This afternoon Til came to tell me that Maldor had come over that morning, and he apologized not only for Ortherion’s behavior, but his own as well. He got on quite a roll, apologizing for his attitude toward Tilwen, for his refusal to come to the wedding, for not allowing his wife and son to have anything to do with them, for barely speaking to his youngest brother and sister-in-law ever since the wedding. What brought on this fit of penitence, Tilwen wasn’t sure.

“He said Ortherion was hung-over,” she told us as I brought out the tea-tray to the terrace table. “I had a good mind to march right over and give it to him hot and heavy while he was suffering, but I knew I’d never get past his door. And it might be bad for the baby anyway. But ohhh, when I think of the way he acted, I could just…if he EVER has the nerve to show his face at our door again, I will take Galendur’s sword and make mince-meat out of him! Believe it or not, I’ve seen him much worse, but not in front of you. Brrr! But after that little thing with the dress yesterday, I doubt he’ll be coming around any more. That was simply wonderful, along with what Anemone said about the fish-tail. I’m still giggling over that. And to think that lovely daughter of his, Elisiel, once had the nerve to accuse me of ‘disgracing’ Galendur by ‘roping’ him into marriage with me! Did you ever?”

“Well, I suppose we know who the real disgrace is now, don’t we?” I said. Actually I had been pitying Ortherion a little, but the pity dissipated quickly at the thought of the shame and mortification he had caused Tilwen, whom I loved as a sister and he should have done likewise. How he could be so petty and stupid, I could not imagine.

“I should say so,” she said. “Oh, I threw all kinds of fits, when she said that! You should be glad you weren’t there to see. Galendur went on the rampage. He went storming over there, and I don’t know what all he said, but I can imagine. I was worried, fearing there would be a blood feud right within the family and it would be my doing, and I should have kept my mouth shut, but I’ve certainly never been good at that, as you well know! But Elisiel came over and apologized, and I think she was sincere. Ortherion said he was the one who ordered her to, saying she had ‘spoken out of turn’--as if he ever does anything else--but I think it was his wife. Raina has her faults too, but basically she’s a decent person. I like her much better than that ice-princess Maldor married. They should trade wives. Maldor has improved somewhat over the past couple of years. He’s still too holy for his own good, but not nearly as much as he used to be. Maybe there’s some hope for him, at least.
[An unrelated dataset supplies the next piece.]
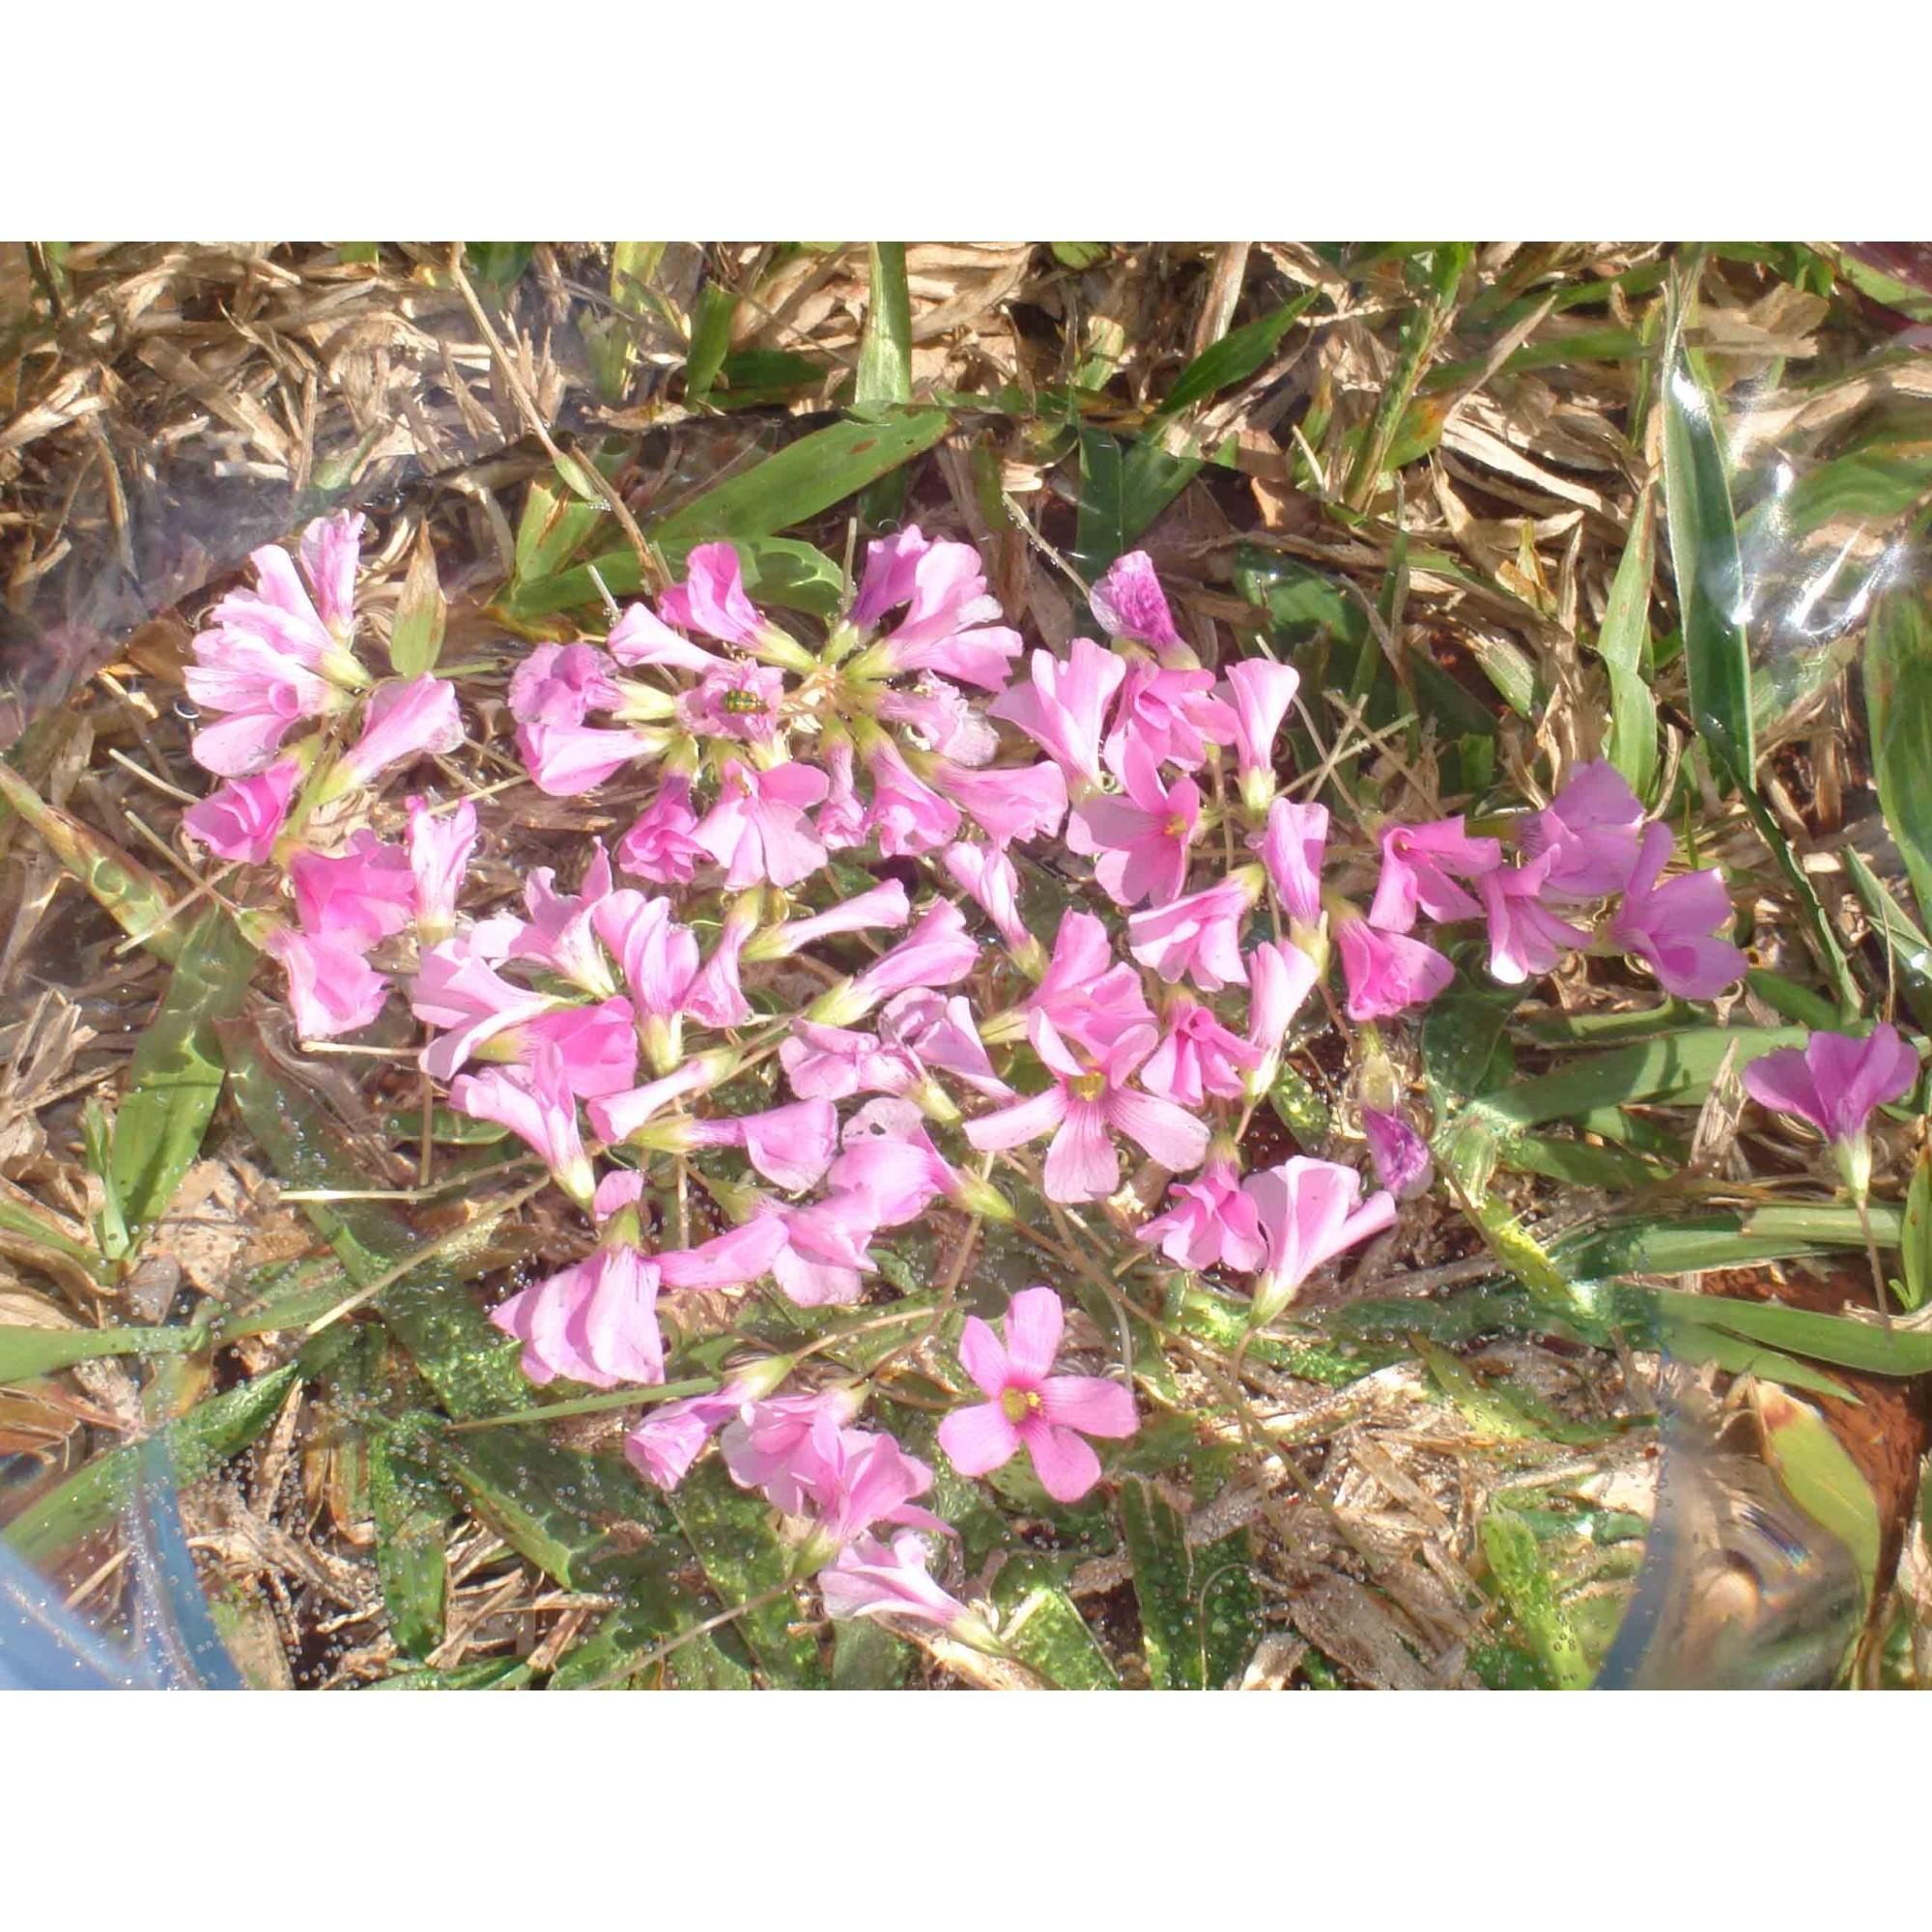 Compaixão - Azas Florais - 10 ml  - Floressência

He said he wouldn’t have come over yesterday, feeling that he was not welcome, but Ortherion insisted upon coming, and Maldor decided he had better come along to try and keep him in line, Ortherion being ‘a little the worse for drink.’ Which is putting it much too politely.”

“Neither he nor Galendur are very good at holding their liquor, are they,” I said with a little smile, remembering our first encounter. “Perhaps it’s their mortal blood.”
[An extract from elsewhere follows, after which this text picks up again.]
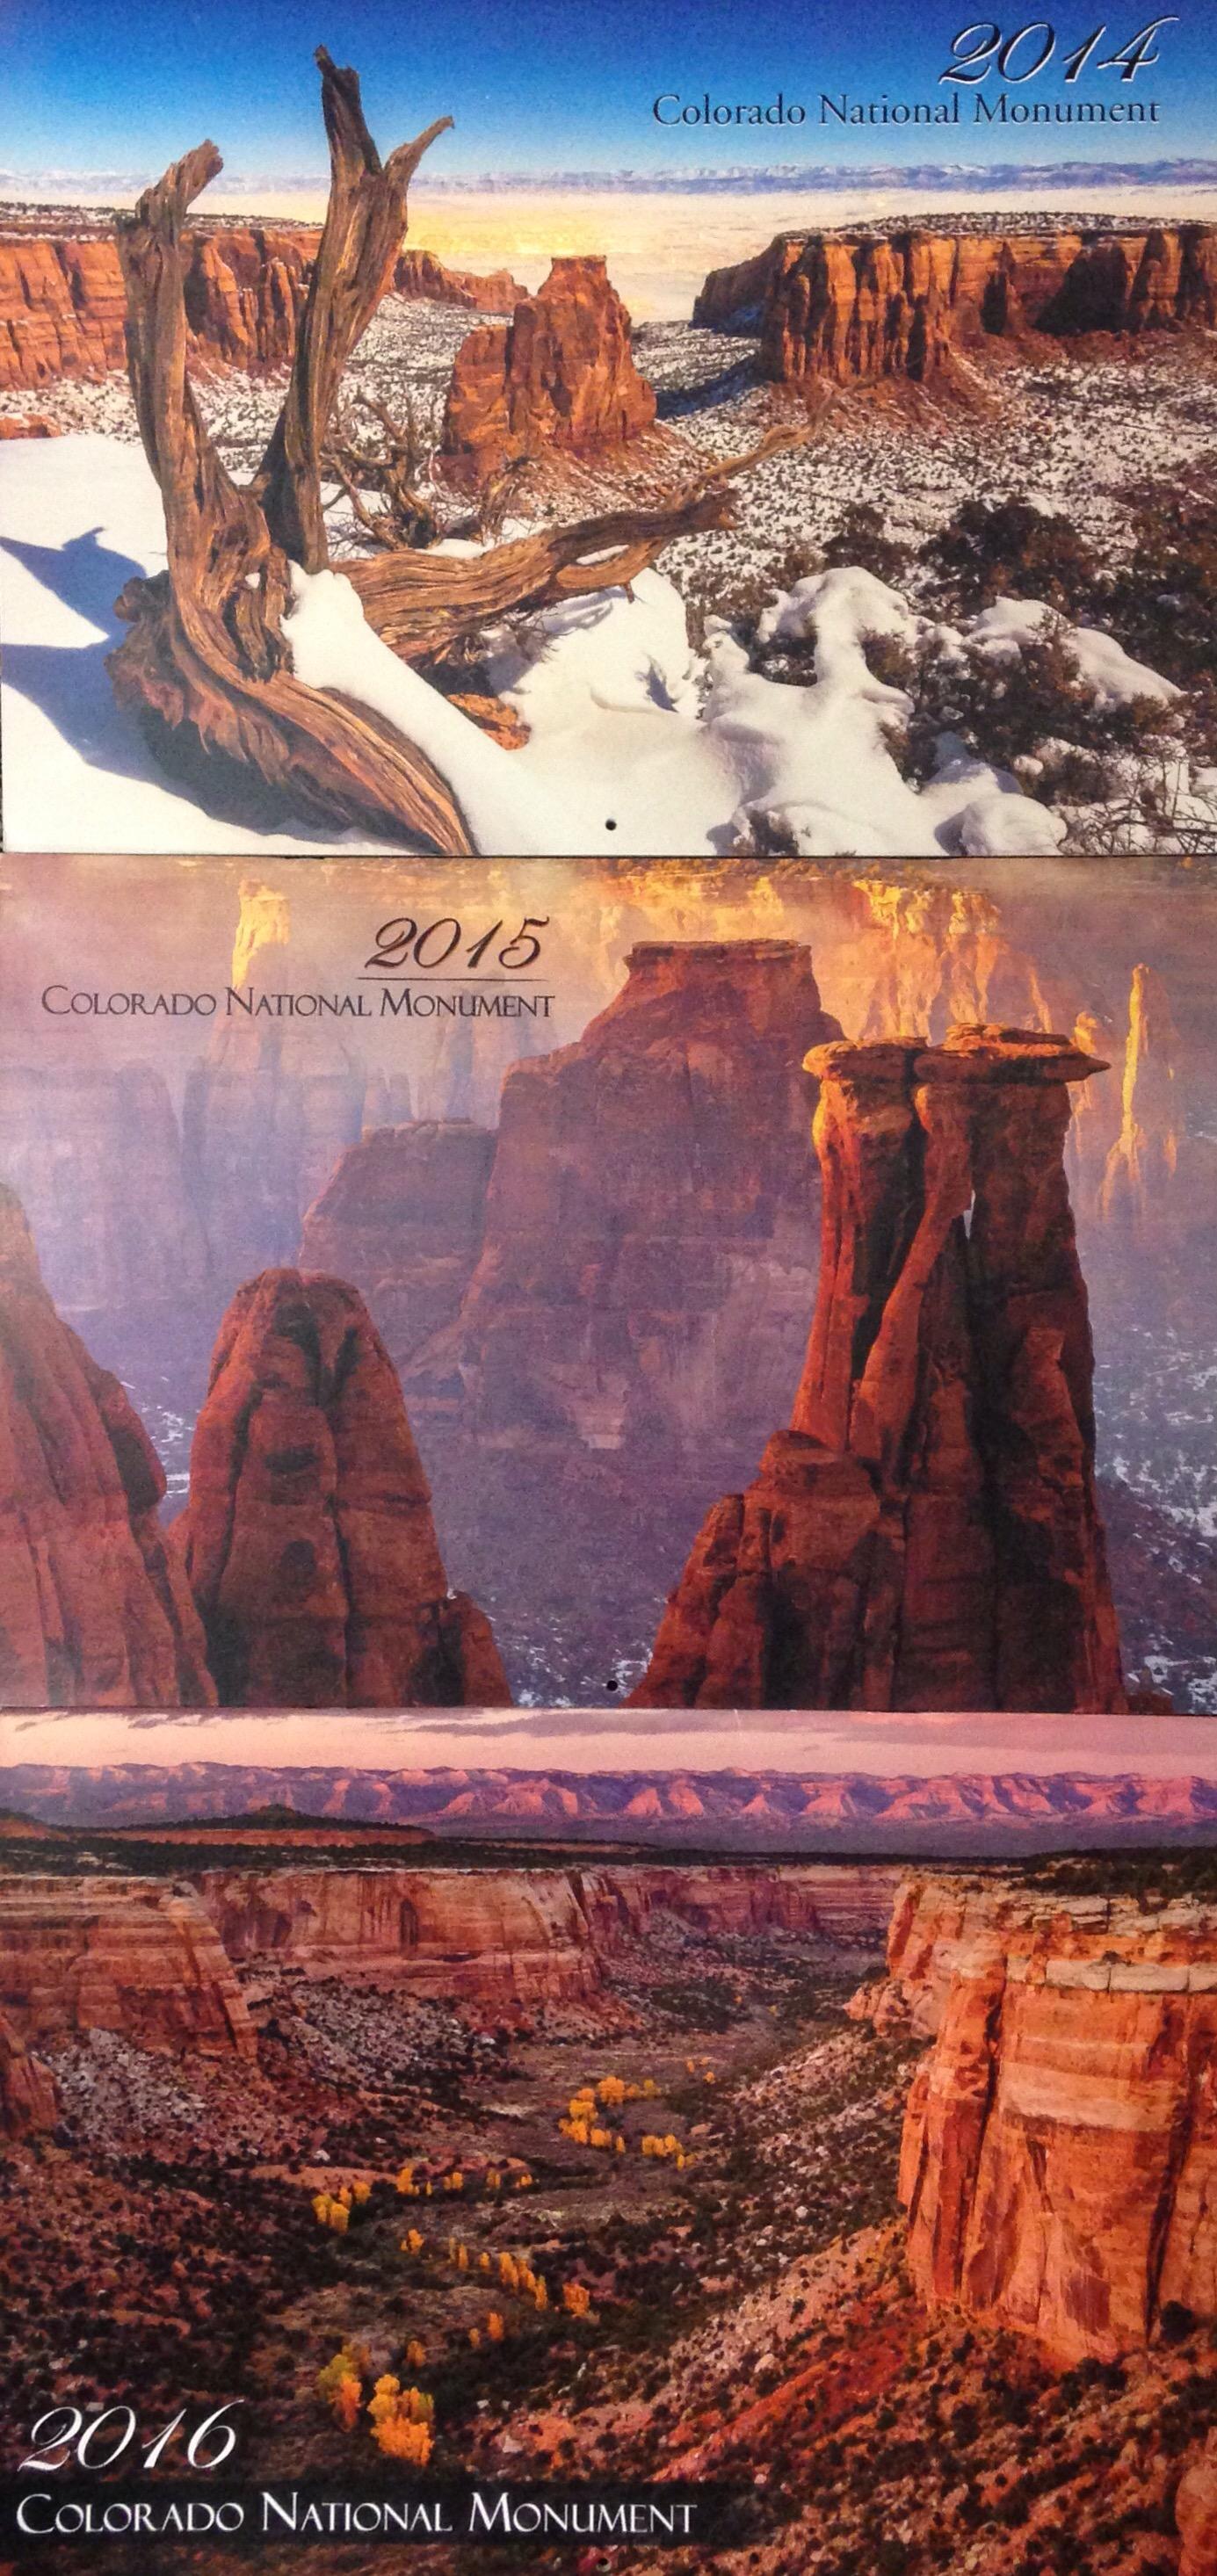 Colorado National Monument Calendars

“Whatever it is, they’re both simply abysmal at it,” Tilwen declared. “But I hope it doesn’t keep you two from coming to visit any more. Galendur told Maldor he must apologize to me as well, and he did so. Quite nicely, I must say.”

“Good for them both,” Anemone said. I nodded emphatically, and she patted my hand. “There now,” she said, “you see? Perhaps he is turning to the Light, at least.”

“If so, it was more your doing than mine, I’m sure,” I said grinning. “But as long as he is, it scarcely matters whose doing it was.”

“I suppose it’s as my mother said,” Tilwen admitted. “She was not keen to have me wed Galendur, either. She told me when you marry someone, you don’t just marry him, you marry his family as well. Much as I hate to admit it, I believe she’s right. Not that I regret marrying him or anything. I’d have wed him if Sauron himself were his brother.”

“At least Anemone hasn’t that to worry about,” I said, “since I’ve no family now, myself. Although I know Bilbo would have adored her.”

“How can you say you have no family?” Anemone chided me. “The entire Island is your family, my Prince. They would do anything for you.”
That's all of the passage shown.